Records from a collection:
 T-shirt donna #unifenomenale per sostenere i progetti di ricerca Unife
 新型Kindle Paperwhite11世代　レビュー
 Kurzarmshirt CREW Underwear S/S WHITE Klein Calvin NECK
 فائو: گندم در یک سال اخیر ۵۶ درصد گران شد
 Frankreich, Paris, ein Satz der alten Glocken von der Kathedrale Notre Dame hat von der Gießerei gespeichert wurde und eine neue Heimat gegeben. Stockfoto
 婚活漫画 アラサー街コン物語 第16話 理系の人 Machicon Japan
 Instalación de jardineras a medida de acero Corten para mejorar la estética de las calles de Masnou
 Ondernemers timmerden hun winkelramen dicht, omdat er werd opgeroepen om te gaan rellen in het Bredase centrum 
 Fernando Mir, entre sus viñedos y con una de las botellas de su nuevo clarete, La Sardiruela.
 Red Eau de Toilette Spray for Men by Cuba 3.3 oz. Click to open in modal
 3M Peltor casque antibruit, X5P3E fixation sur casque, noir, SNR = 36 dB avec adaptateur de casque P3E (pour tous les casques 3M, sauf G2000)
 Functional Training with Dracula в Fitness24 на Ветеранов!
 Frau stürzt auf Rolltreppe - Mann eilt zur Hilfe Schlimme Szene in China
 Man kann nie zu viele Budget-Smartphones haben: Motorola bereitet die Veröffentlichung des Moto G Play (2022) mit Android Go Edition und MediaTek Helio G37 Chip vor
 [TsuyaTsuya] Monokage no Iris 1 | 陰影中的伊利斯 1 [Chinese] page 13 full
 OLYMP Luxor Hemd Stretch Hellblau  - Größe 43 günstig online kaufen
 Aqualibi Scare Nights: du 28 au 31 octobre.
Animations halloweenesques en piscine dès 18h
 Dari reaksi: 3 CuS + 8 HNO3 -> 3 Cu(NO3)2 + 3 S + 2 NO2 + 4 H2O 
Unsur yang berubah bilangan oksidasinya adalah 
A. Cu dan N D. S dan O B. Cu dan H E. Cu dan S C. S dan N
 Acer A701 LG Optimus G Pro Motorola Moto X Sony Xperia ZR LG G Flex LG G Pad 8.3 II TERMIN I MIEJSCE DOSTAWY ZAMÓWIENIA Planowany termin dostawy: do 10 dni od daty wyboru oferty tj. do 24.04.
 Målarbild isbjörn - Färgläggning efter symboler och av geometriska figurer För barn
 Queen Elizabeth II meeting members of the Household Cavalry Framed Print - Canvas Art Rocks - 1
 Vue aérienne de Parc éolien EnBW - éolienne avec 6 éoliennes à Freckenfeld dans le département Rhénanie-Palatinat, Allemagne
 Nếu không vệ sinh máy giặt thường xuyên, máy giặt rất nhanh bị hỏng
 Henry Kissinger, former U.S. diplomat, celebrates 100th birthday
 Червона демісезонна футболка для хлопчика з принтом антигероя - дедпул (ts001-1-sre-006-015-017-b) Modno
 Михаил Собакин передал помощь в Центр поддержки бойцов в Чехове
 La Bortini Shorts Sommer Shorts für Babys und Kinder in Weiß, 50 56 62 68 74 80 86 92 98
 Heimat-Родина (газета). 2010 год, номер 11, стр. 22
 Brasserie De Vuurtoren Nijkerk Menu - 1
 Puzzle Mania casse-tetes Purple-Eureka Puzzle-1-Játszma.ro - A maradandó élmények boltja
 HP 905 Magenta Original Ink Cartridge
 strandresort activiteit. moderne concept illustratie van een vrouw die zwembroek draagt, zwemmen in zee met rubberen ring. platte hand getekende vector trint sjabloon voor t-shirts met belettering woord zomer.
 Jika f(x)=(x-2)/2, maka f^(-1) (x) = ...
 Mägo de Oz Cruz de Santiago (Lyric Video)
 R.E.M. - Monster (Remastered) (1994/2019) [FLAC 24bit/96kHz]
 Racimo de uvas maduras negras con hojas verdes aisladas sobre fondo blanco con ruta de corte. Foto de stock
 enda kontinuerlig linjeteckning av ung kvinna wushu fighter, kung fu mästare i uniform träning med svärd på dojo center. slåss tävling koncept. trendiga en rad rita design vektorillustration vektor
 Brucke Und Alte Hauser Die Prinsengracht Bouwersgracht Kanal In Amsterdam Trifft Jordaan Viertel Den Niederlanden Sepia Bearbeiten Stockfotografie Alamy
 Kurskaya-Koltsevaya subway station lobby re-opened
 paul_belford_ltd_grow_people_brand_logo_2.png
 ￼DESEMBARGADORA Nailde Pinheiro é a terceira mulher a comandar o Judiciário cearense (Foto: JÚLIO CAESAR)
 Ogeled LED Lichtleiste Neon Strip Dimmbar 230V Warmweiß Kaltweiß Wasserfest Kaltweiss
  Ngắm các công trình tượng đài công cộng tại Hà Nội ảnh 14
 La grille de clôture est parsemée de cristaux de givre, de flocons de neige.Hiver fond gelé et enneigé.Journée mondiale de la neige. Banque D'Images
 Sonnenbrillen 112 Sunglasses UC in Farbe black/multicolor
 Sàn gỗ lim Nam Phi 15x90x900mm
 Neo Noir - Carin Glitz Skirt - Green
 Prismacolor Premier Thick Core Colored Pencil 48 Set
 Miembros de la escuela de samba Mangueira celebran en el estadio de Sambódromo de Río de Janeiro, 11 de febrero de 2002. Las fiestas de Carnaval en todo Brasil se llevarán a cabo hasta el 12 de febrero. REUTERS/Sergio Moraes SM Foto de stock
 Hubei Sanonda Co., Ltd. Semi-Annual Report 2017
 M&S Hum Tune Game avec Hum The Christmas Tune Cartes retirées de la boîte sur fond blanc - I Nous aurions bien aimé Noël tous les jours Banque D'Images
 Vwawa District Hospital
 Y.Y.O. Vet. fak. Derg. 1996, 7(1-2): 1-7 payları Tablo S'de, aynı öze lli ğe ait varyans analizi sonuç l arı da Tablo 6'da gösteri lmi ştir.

__TASK DIRECTIONS__. Look above for the line holding "Dari reaksi: 3". Print it and every line after it, exactly, through the line holding "Brasserie De Vuurtoren Nijkerk Menu - 1".

__TASK OUTPUT__.
 Dari reaksi: 3 CuS + 8 HNO3 -> 3 Cu(NO3)2 + 3 S + 2 NO2 + 4 H2O 
Unsur yang berubah bilangan oksidasinya adalah 
A. Cu dan N D. S dan O B. Cu dan H E. Cu dan S C. S dan N
 Acer A701 LG Optimus G Pro Motorola Moto X Sony Xperia ZR LG G Flex LG G Pad 8.3 II TERMIN I MIEJSCE DOSTAWY ZAMÓWIENIA Planowany termin dostawy: do 10 dni od daty wyboru oferty tj. do 24.04.
 Målarbild isbjörn - Färgläggning efter symboler och av geometriska figurer För barn
 Queen Elizabeth II meeting members of the Household Cavalry Framed Print - Canvas Art Rocks - 1
 Vue aérienne de Parc éolien EnBW - éolienne avec 6 éoliennes à Freckenfeld dans le département Rhénanie-Palatinat, Allemagne
 Nếu không vệ sinh máy giặt thường xuyên, máy giặt rất nhanh bị hỏng
 Henry Kissinger, former U.S. diplomat, celebrates 100th birthday
 Червона демісезонна футболка для хлопчика з принтом антигероя - дедпул (ts001-1-sre-006-015-017-b) Modno
 Михаил Собакин передал помощь в Центр поддержки бойцов в Чехове
 La Bortini Shorts Sommer Shorts für Babys und Kinder in Weiß, 50 56 62 68 74 80 86 92 98
 Heimat-Родина (газета). 2010 год, номер 11, стр. 22
 Brasserie De Vuurtoren Nijkerk Menu - 1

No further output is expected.